▸ WHAT NEEDS TO BE DONE: Reproduce without any pictures the lines from the one that contains "Програма Дональда Трампа, інфографіка, США" through the end of the records, exactly as written.

▸ AVAILABLE DATA:
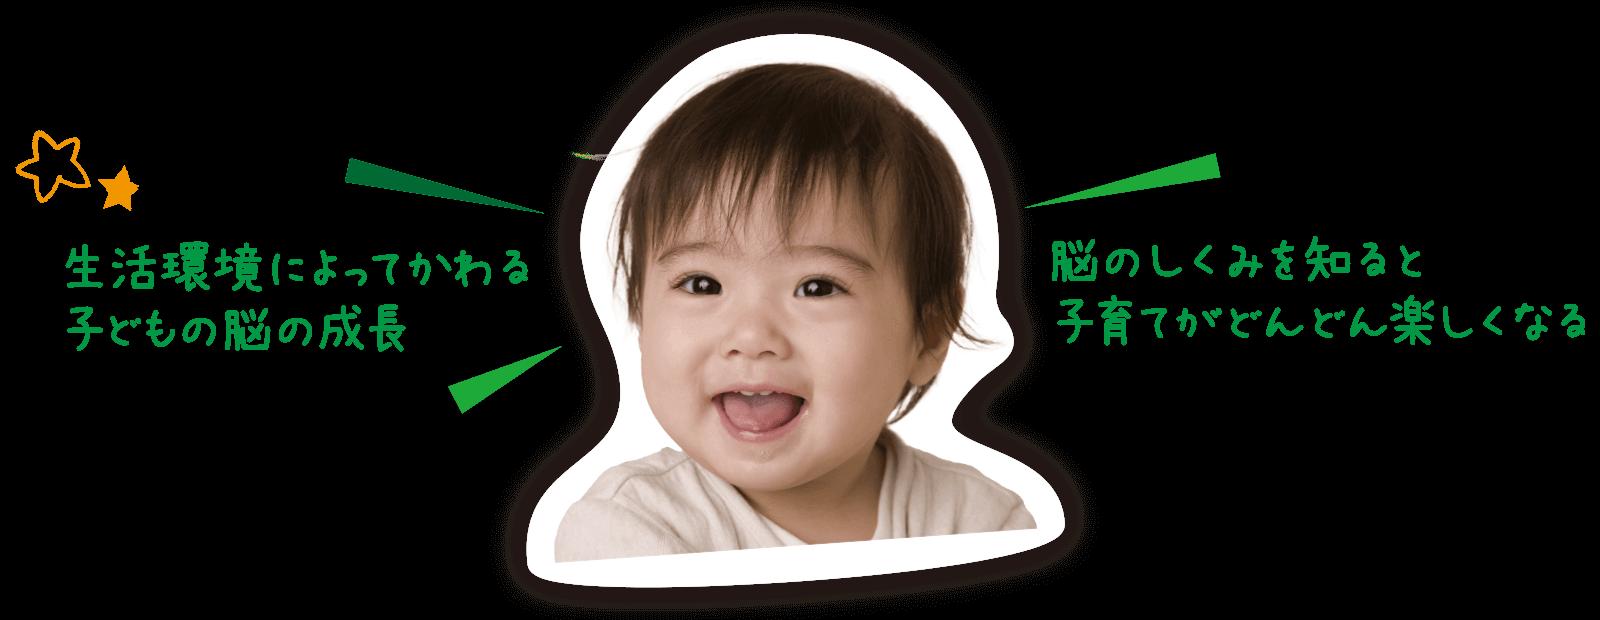 生活環境によってかわる子どもの脳の成長、脳のしくみを知ると子育てがどんどん楽しくなる
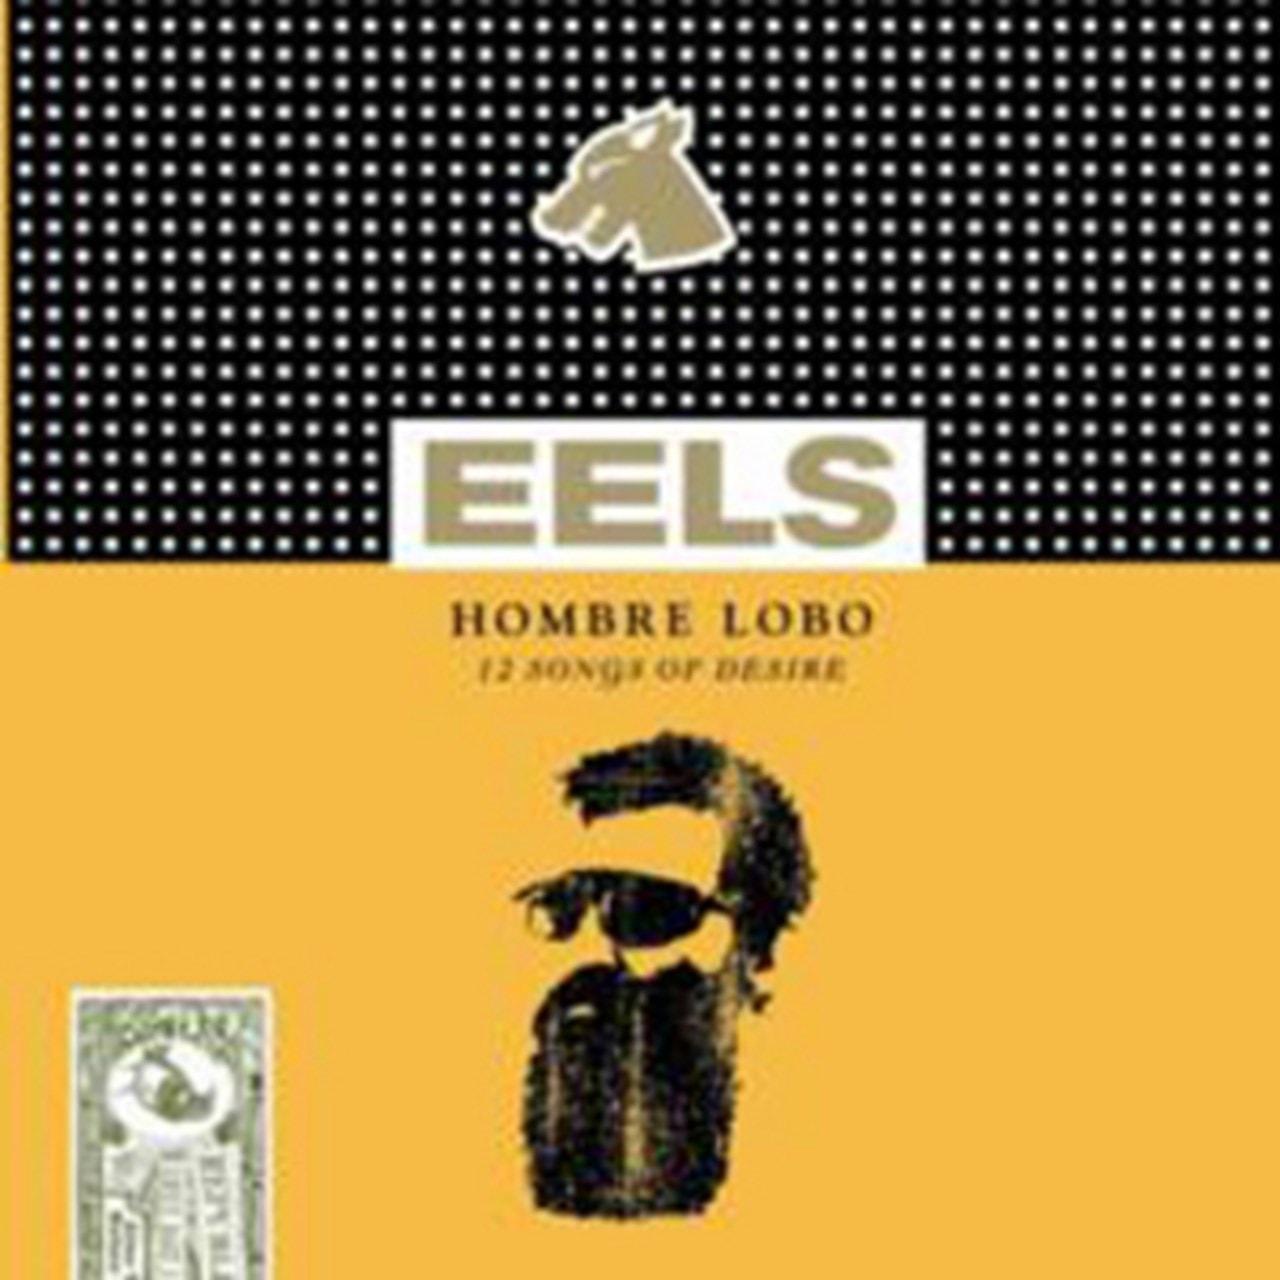 Hombre Lobo - 1
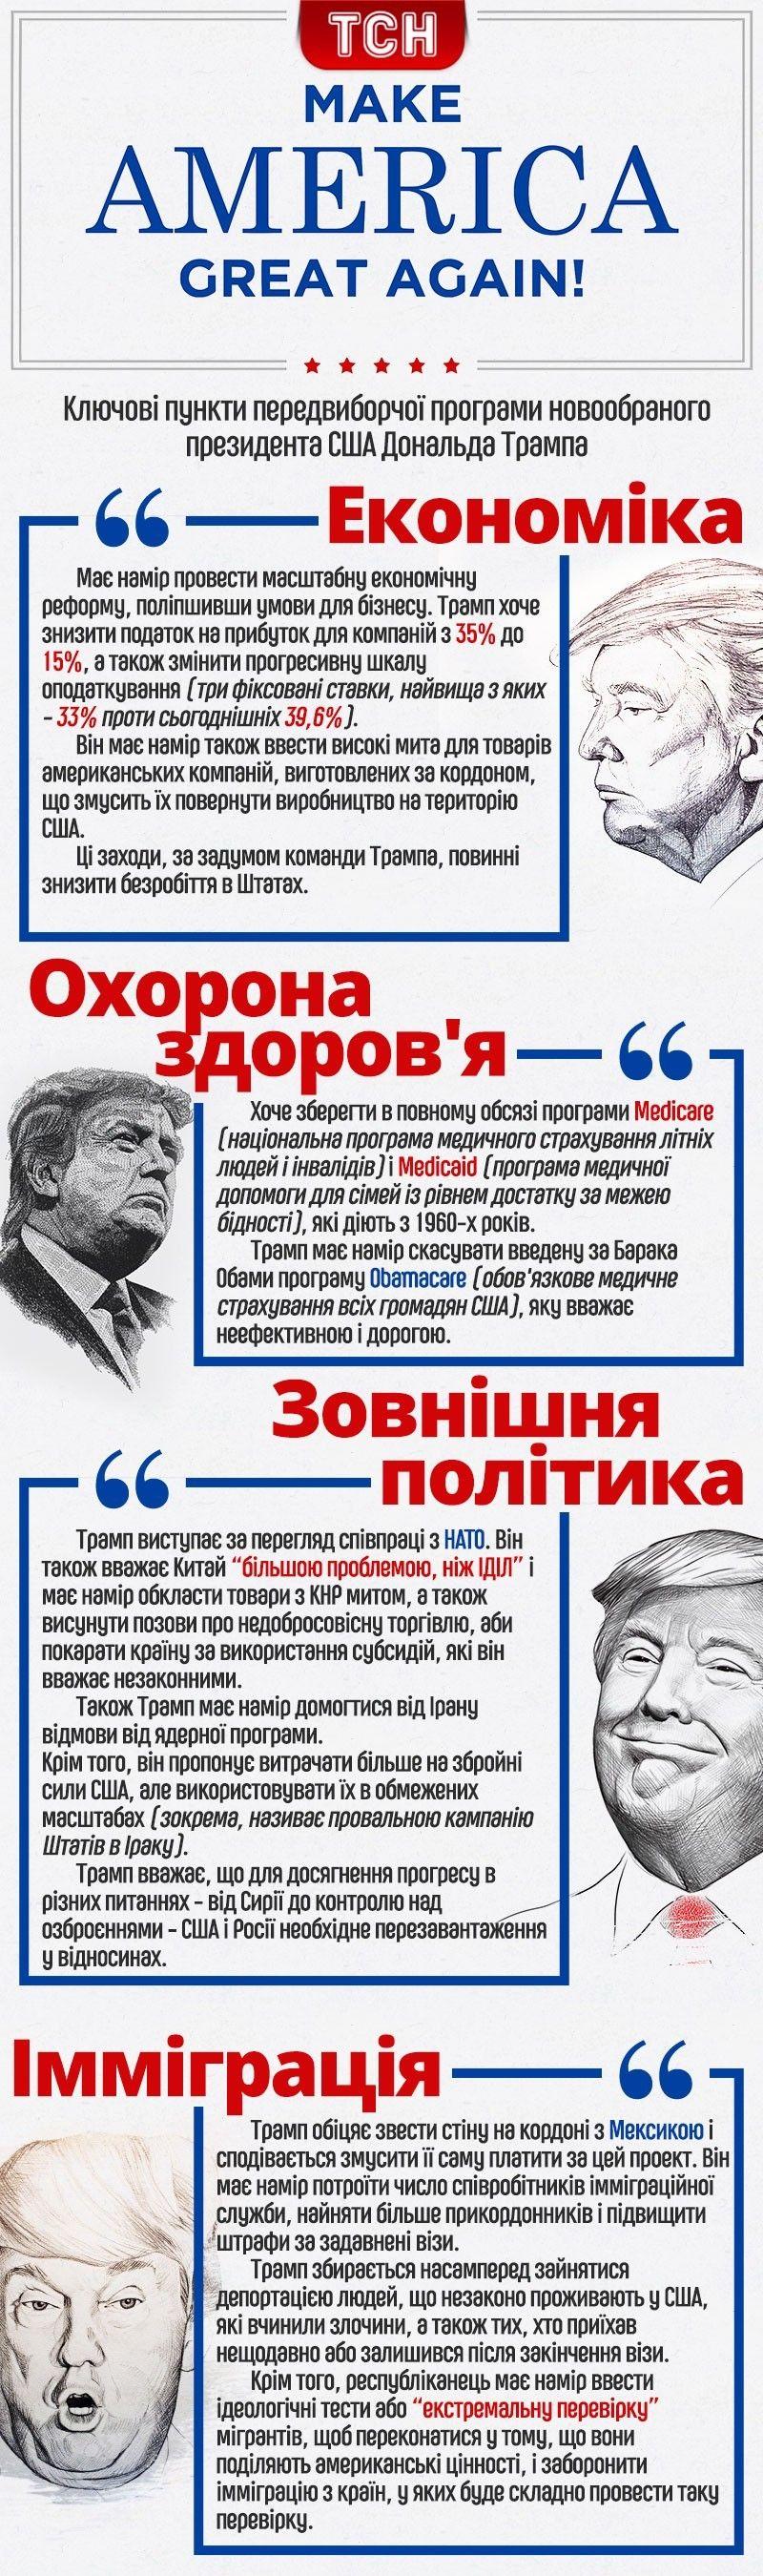 Програма Дональда Трампа, інфографіка, США
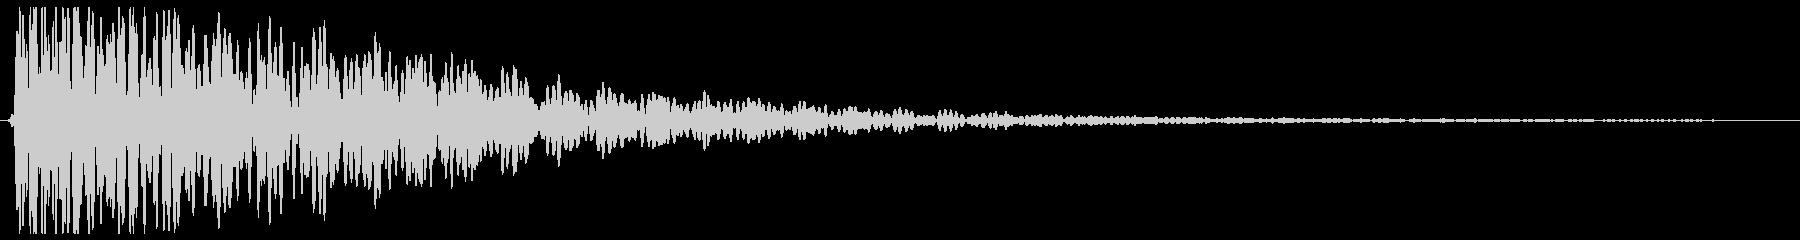 ゴーン(低く伸びる音)の未再生の波形
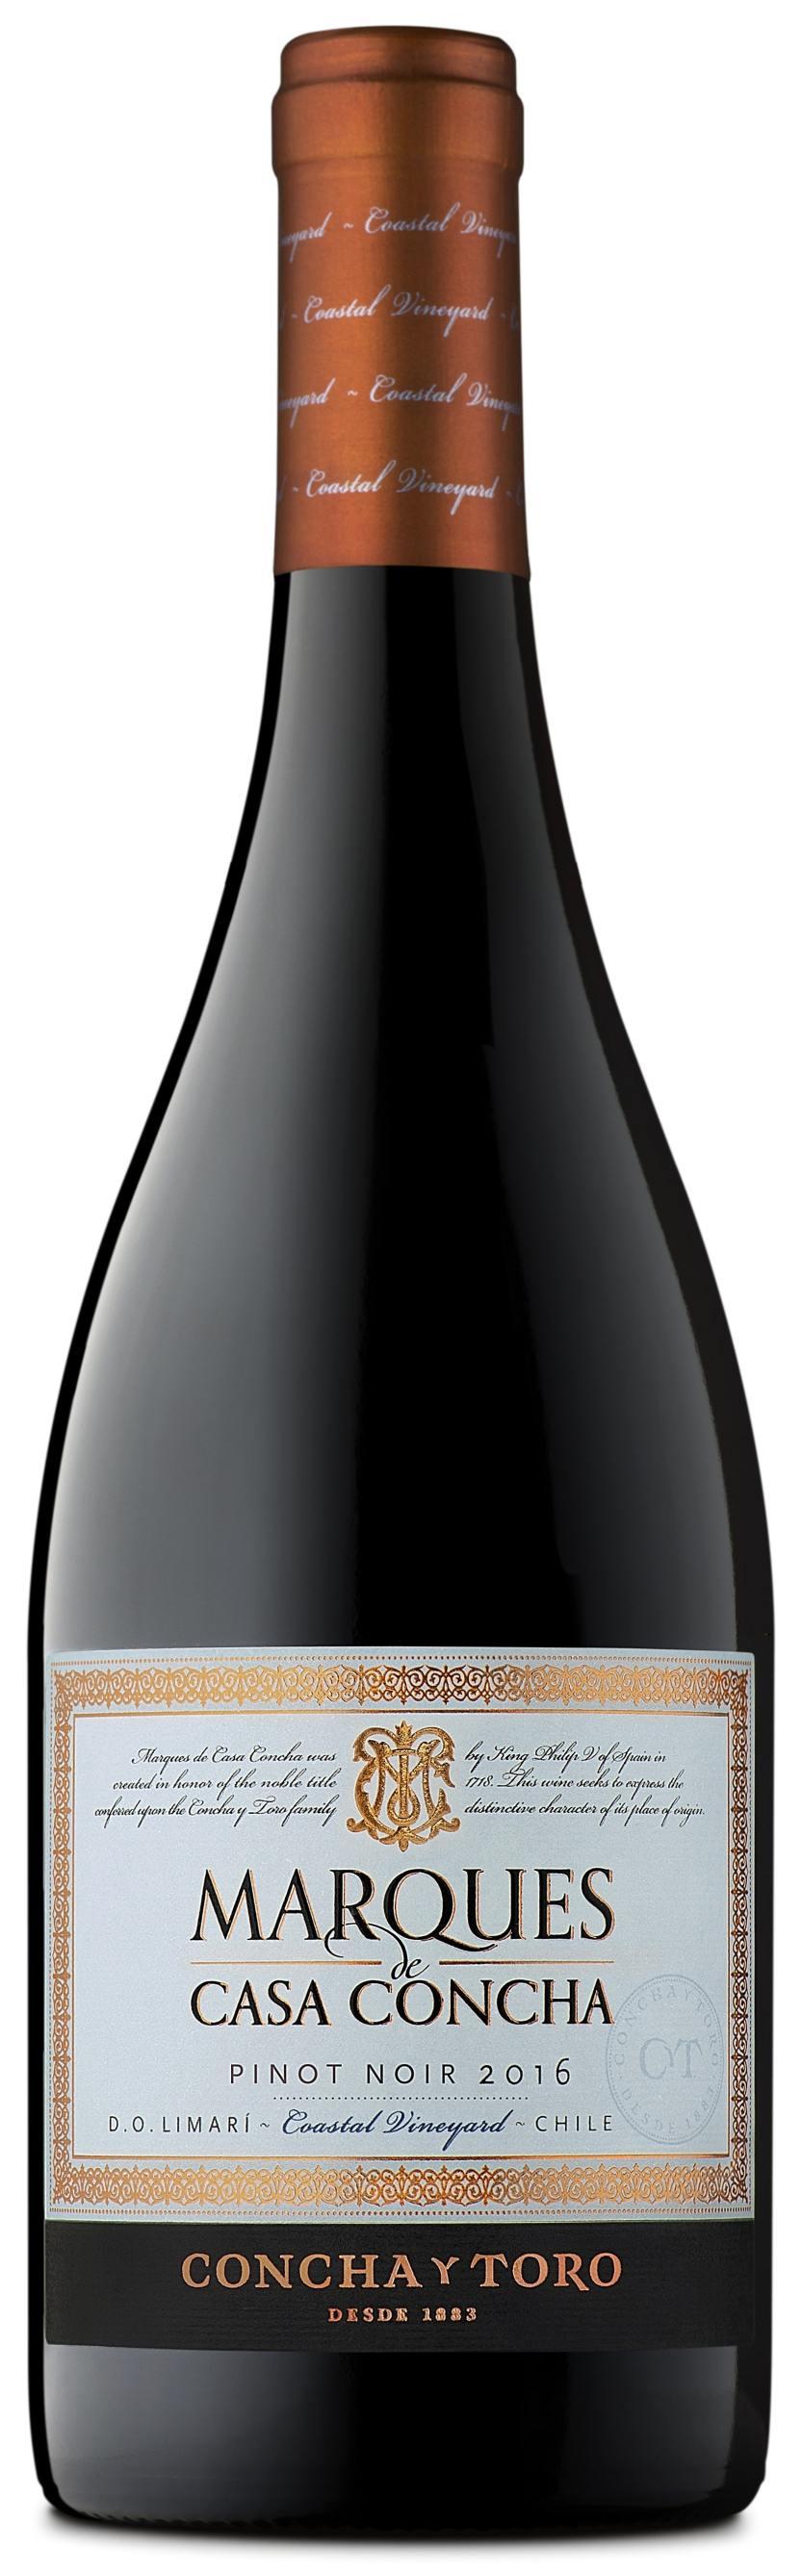 Marques-de-Casa-Concha-Pinot-Noir-2016-New-Image--1-

▸ EXPECTED ANSWER:
 Програма Дональда Трампа, інфографіка, США
 ゴーン(低く伸びる音)の未再生の波形
 Marques-de-Casa-Concha-Pinot-Noir-2016-New-Image--1-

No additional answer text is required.